St Odoceus' Church, Llandawke, is a redundant church situated in a hollow near the road between Llandawke and Laugharne in Carmarthenshire, Wales. It has been designated by Cadw as a Grade II listed building, and is under the care of the Friends of Friendless Churches.

==History==

The church dates from the 13th century and it was remodelled during the following century by Sir Guy De Brian, the Lord Marcher of Laugharne. The church was restored during the Victorian era.
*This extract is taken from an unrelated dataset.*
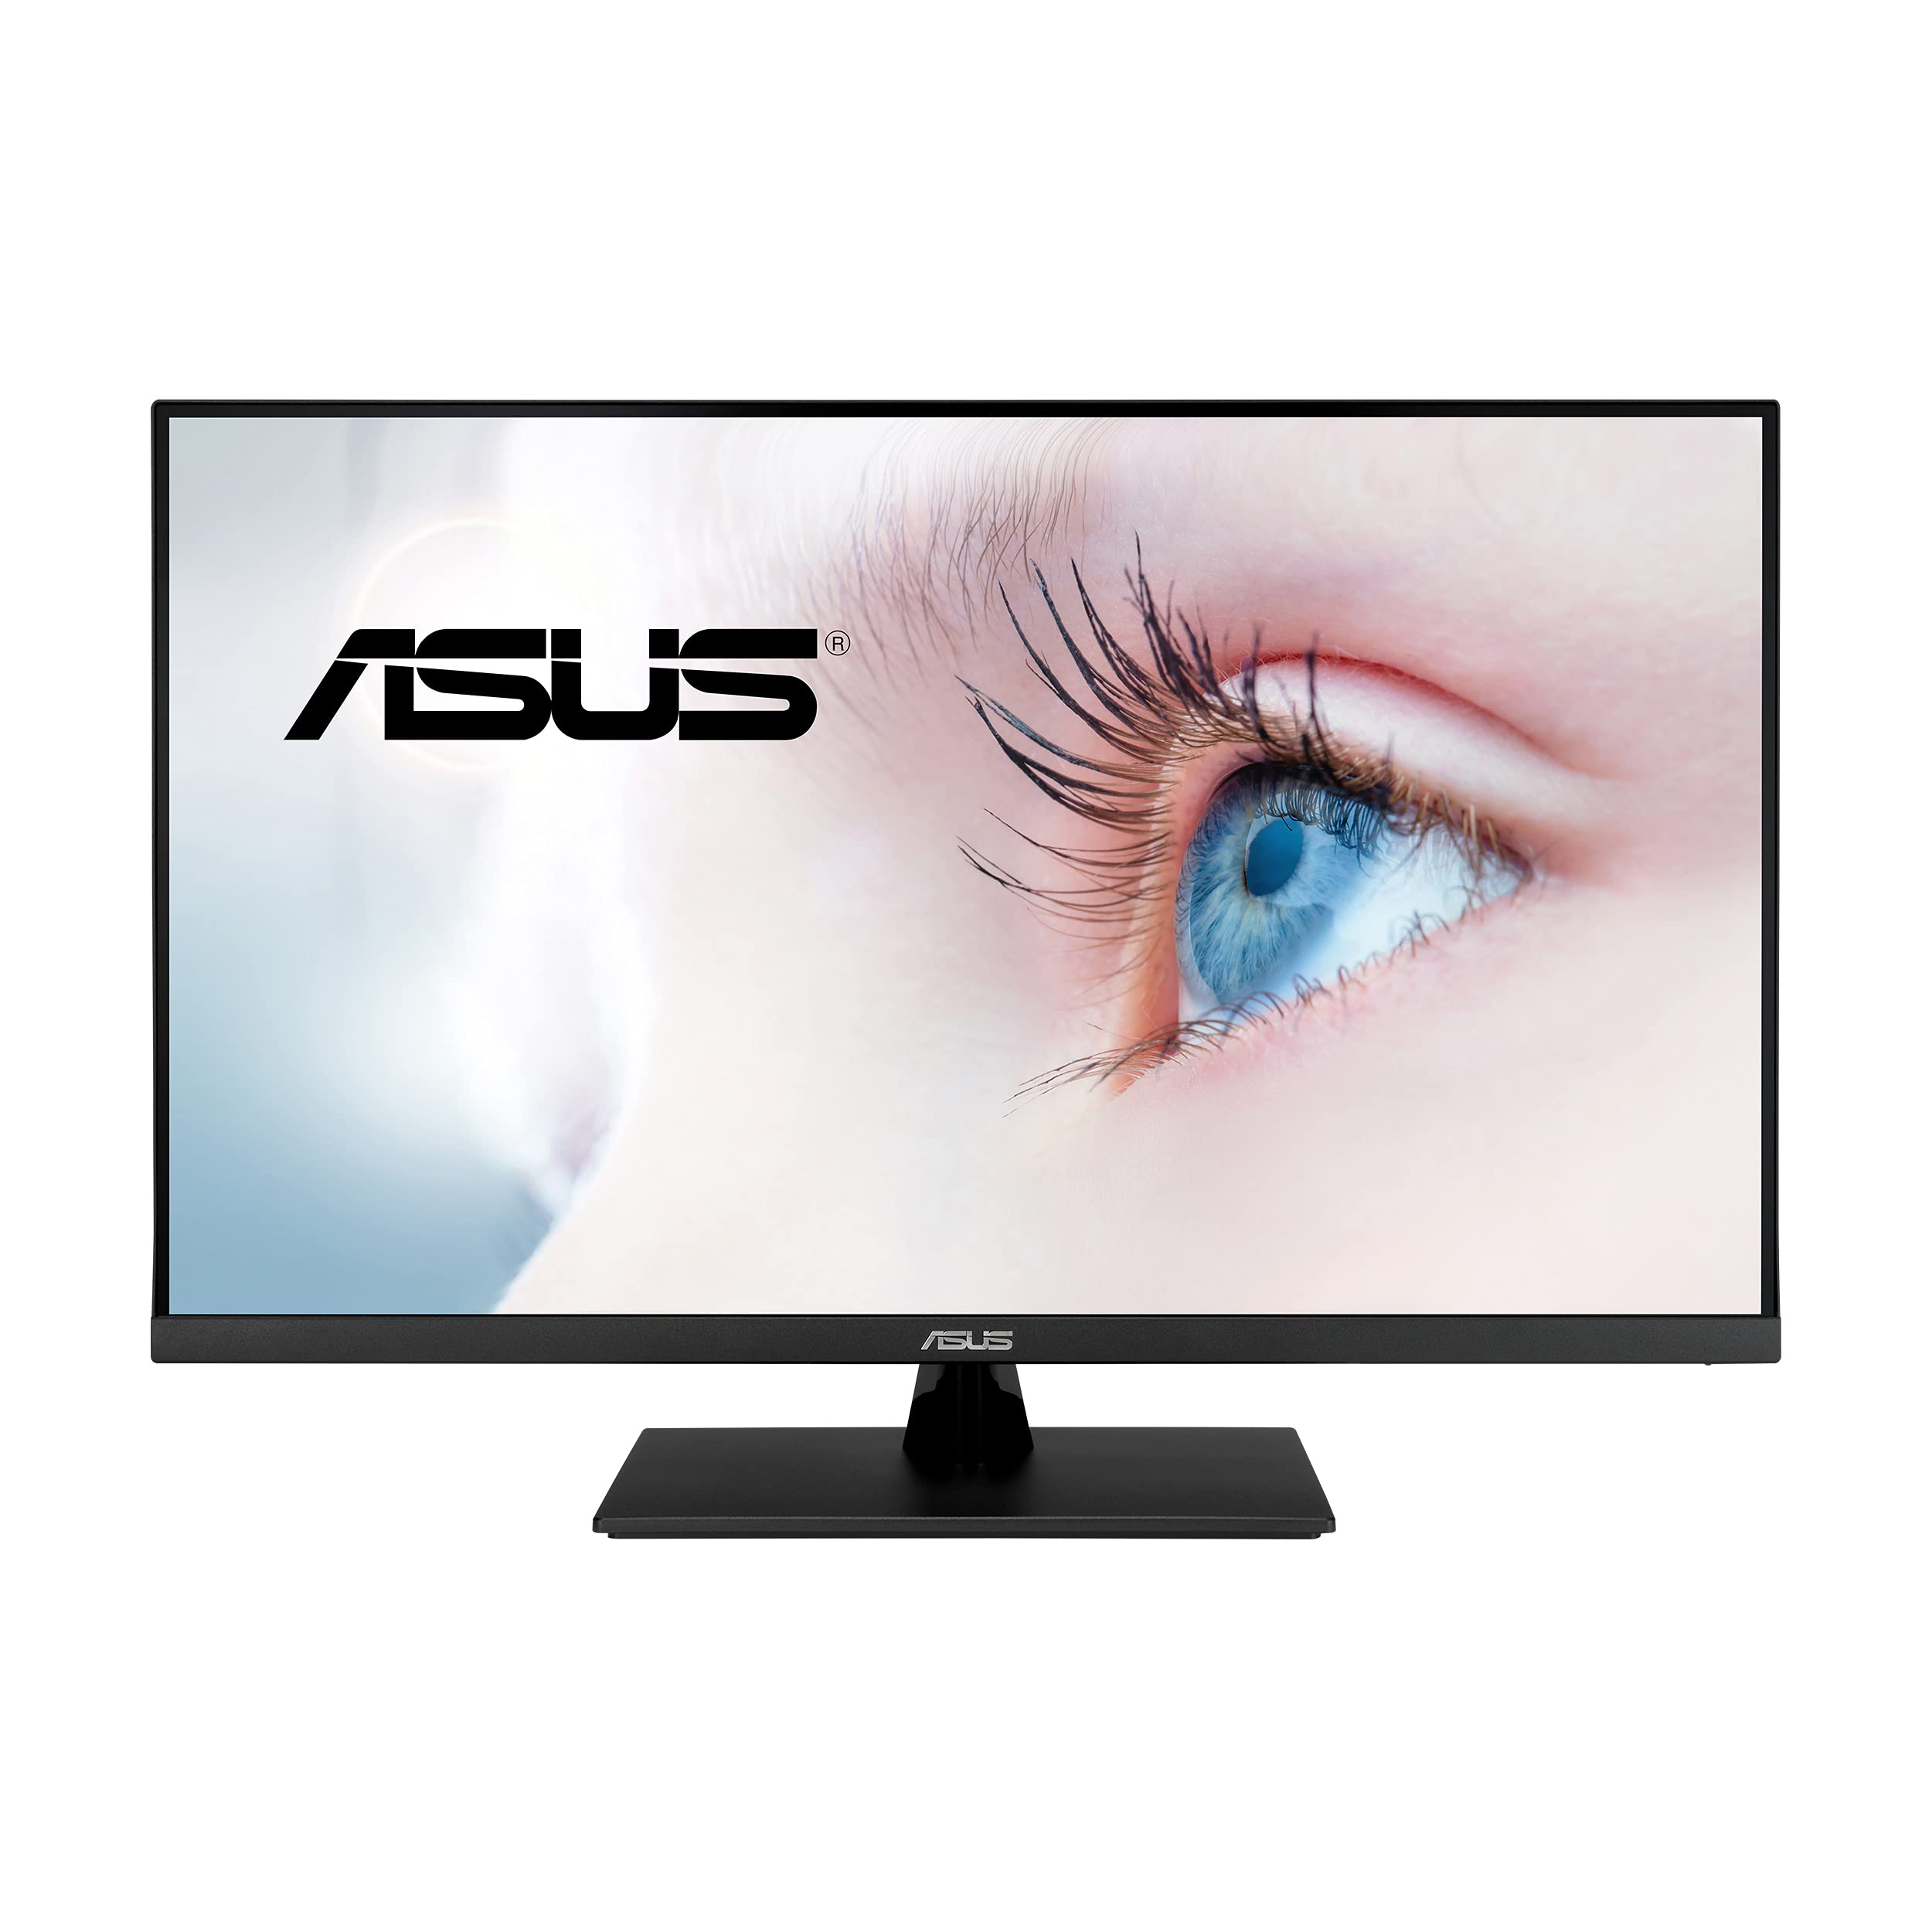  Asus 31.5 英寸 2K 显示器 (VP32AQ) - WQHD (2560 x 1440)、IPS、100% sRGB、HDR10、75Hz、扬声器、自适应同步/自由同步、低蓝光、护眼、VESA 安装、无框、DisplayPort、HDM...

When it was inspected by Cadw in 1988 it was described as being "partly overgrown". It was taken under the care of the charity, the Friends of Friendless Churches in 2006, when it was in "a state of dereliction". The charity holds a 999-year lease with effect from 24 April 2006. A local group of Friends has been formed to assist in its repair and restoration.

==Architecture==

===Exterior===
It is constructed in local sandstone with slate roofs in Gothic style. Its plan consists of a four-bay nave without aisles, a three-bay chancel that is lower and narrower, and a west tower. The tower is squat, in two stages, and it tapers as it rises. In the upper stage, on the west and south sides are lancet bell openings. Its roof is pyramidal, and on its north side is a stair turret. On the apex of the gable at the east end of the nave is a crucifix finial. The entrance is on the south side of the church through an arched doorway. To the left of the entrance is a two-light, square-headed Perpendicular window and to its right is a two-light Decorated window with Victorian tracery. The windows in the chancel also have two lights, those on the north wall being square-headed, and those on the east and south walls having pointed heads.

===Interior===
On the south side of the chancel is a piscina and a recess that formerly contained a tomb. On the north side is a 14th-century effigy of a figure thought to be that of Margaret Marlos. It is broken into three pieces, which is said to be a reference to her being cut into three pieces by robbers. It was placed in the church in 1902. Also in the church is an early Christian stone slab dating from the 5th or 6th century. It is carved with Ogham and Roman inscriptions. The oak altar dating from 1882 is "elaborately not to say wildly carved" with representations of flowers.